DIRECTIONS FOR THIS TASK » The result should be the listing below, restated exactly, with its pictures left out.

GIVEN DATA »
════

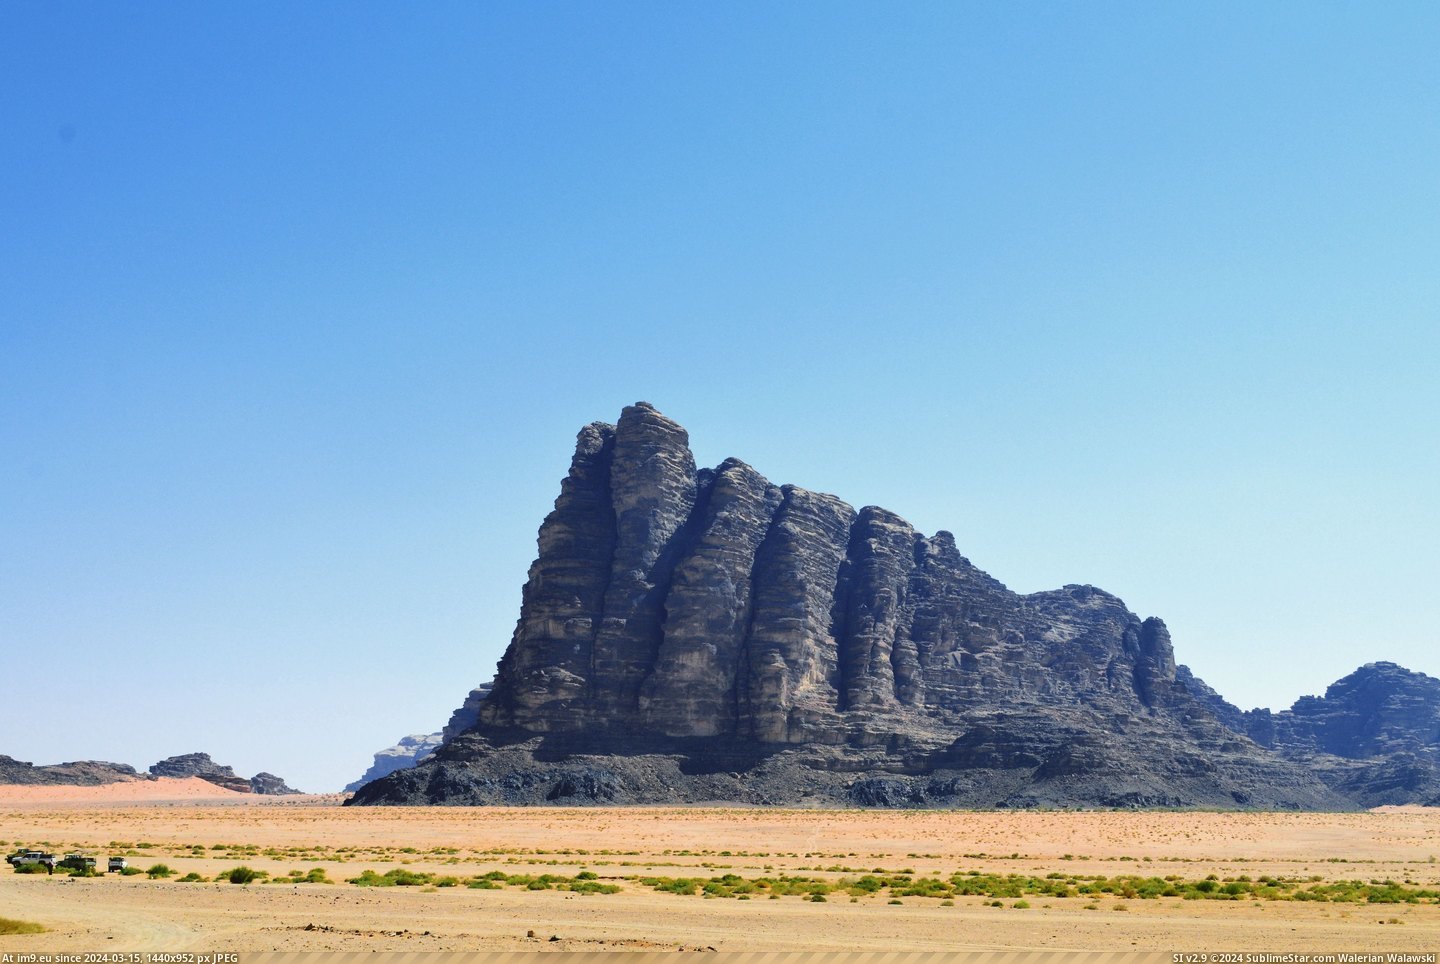 #Rock #Desert #Rum #Gigantic #Wadi #Jordan #Formation [Earthporn] A gigantic rock formation in the Wadi Rum Desert, Jordan [OC] [5757 x 3828] Pic. (Image of album My r/EARTHPORN favs))
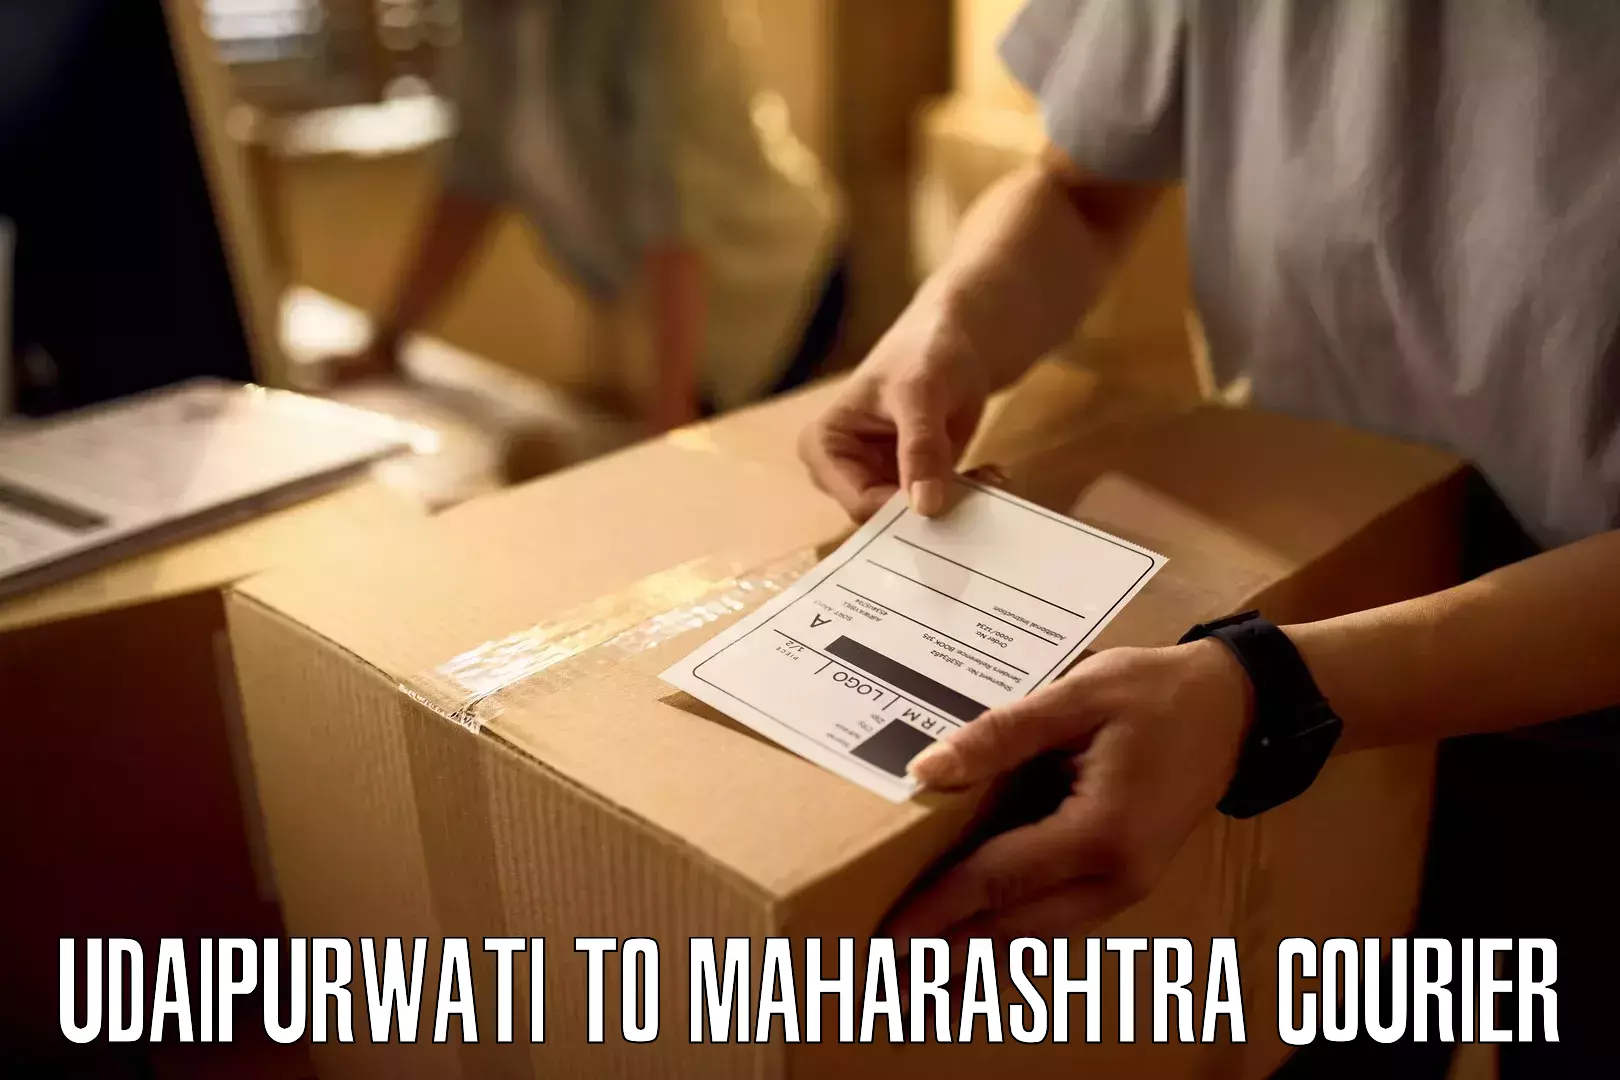 Efficient parcel tracking Udaipurwati to Worli
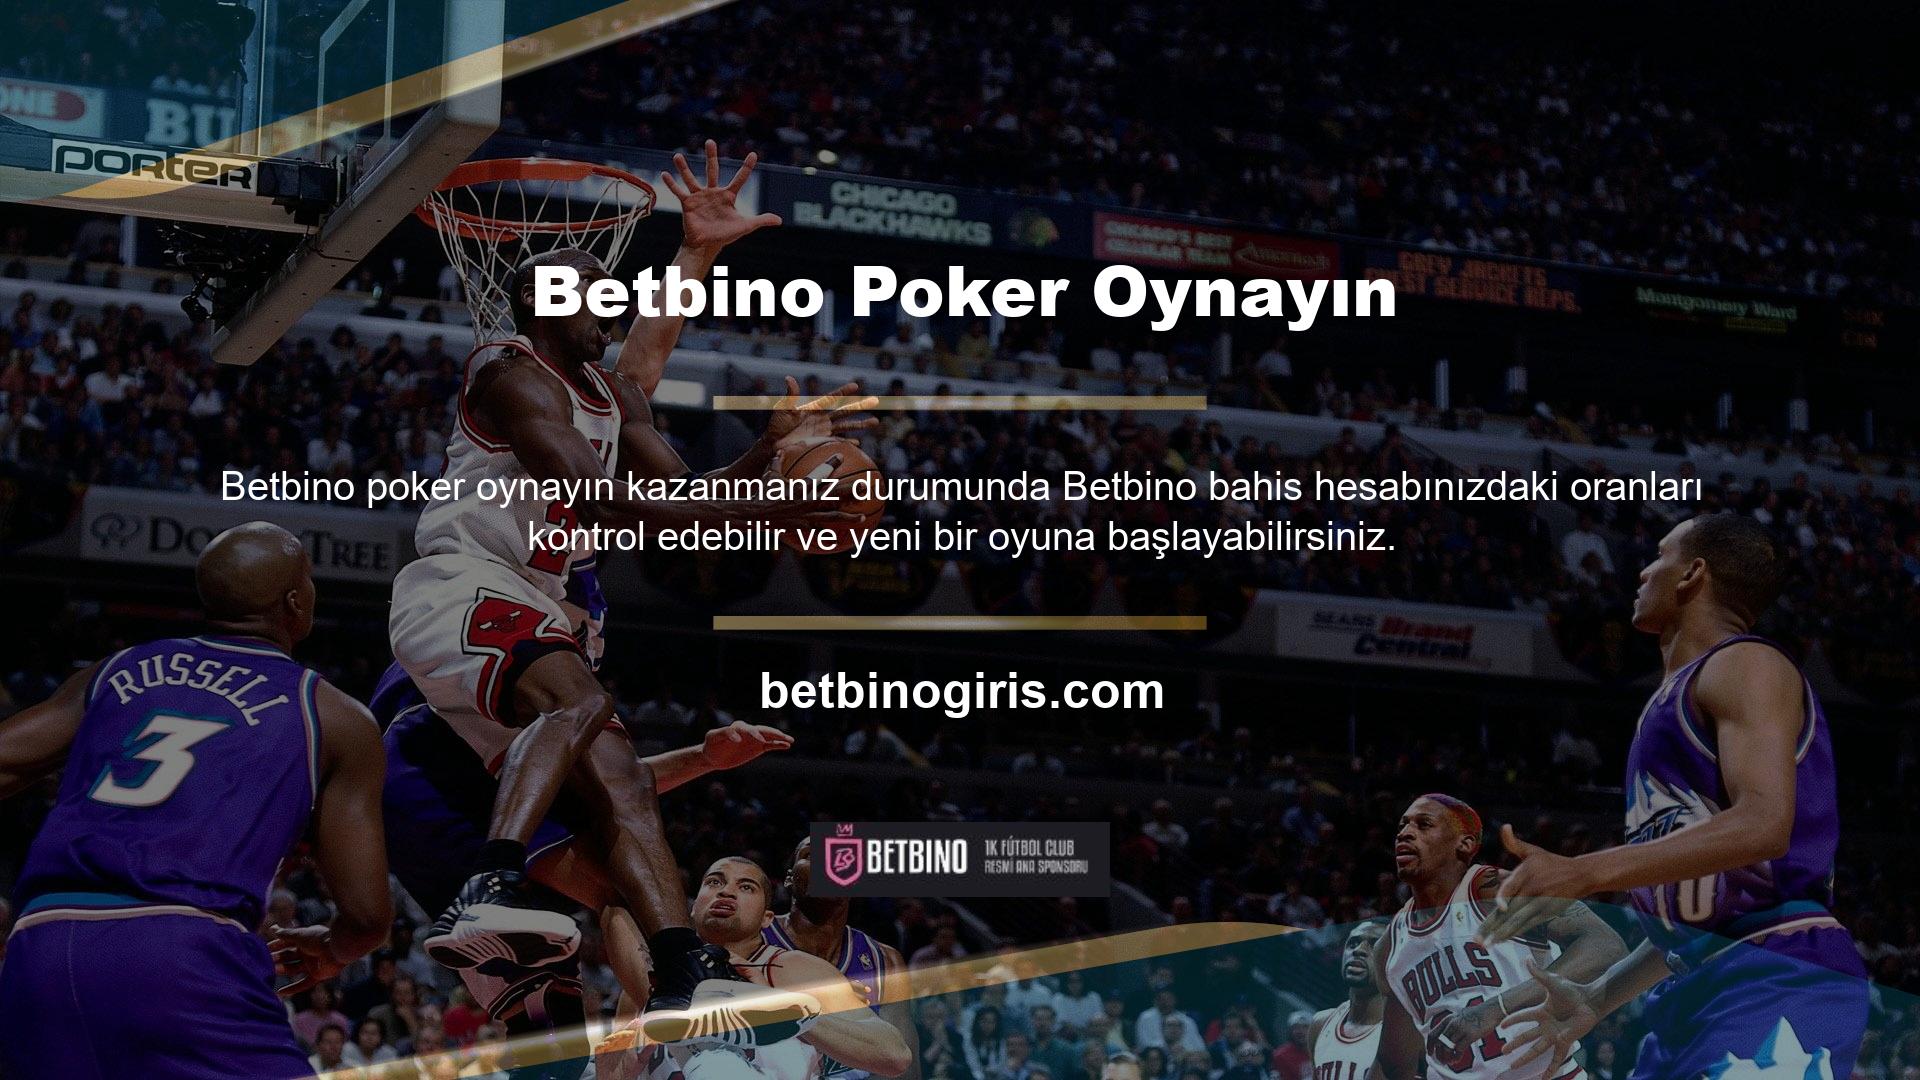 Aynı zamanda Betbino bahis sitesi her oyunun kazanma yüzdesine göre kişiye özel bonuslar da sunmaktadır

════

ANSWER SPACE »
 #Rock #Desert #Rum #Gigantic #Wadi #Jordan #Formation [Earthporn] A gigantic rock formation in the Wadi Rum Desert, Jordan [OC] [5757 x 3828] Pic. (Image of album My r/EARTHPORN favs))
 Efficient parcel tracking Udaipurwati to Worli
 Aynı zamanda Betbino bahis sitesi her oyunun kazanma yüzdesine göre kişiye özel bonuslar da sunmaktadır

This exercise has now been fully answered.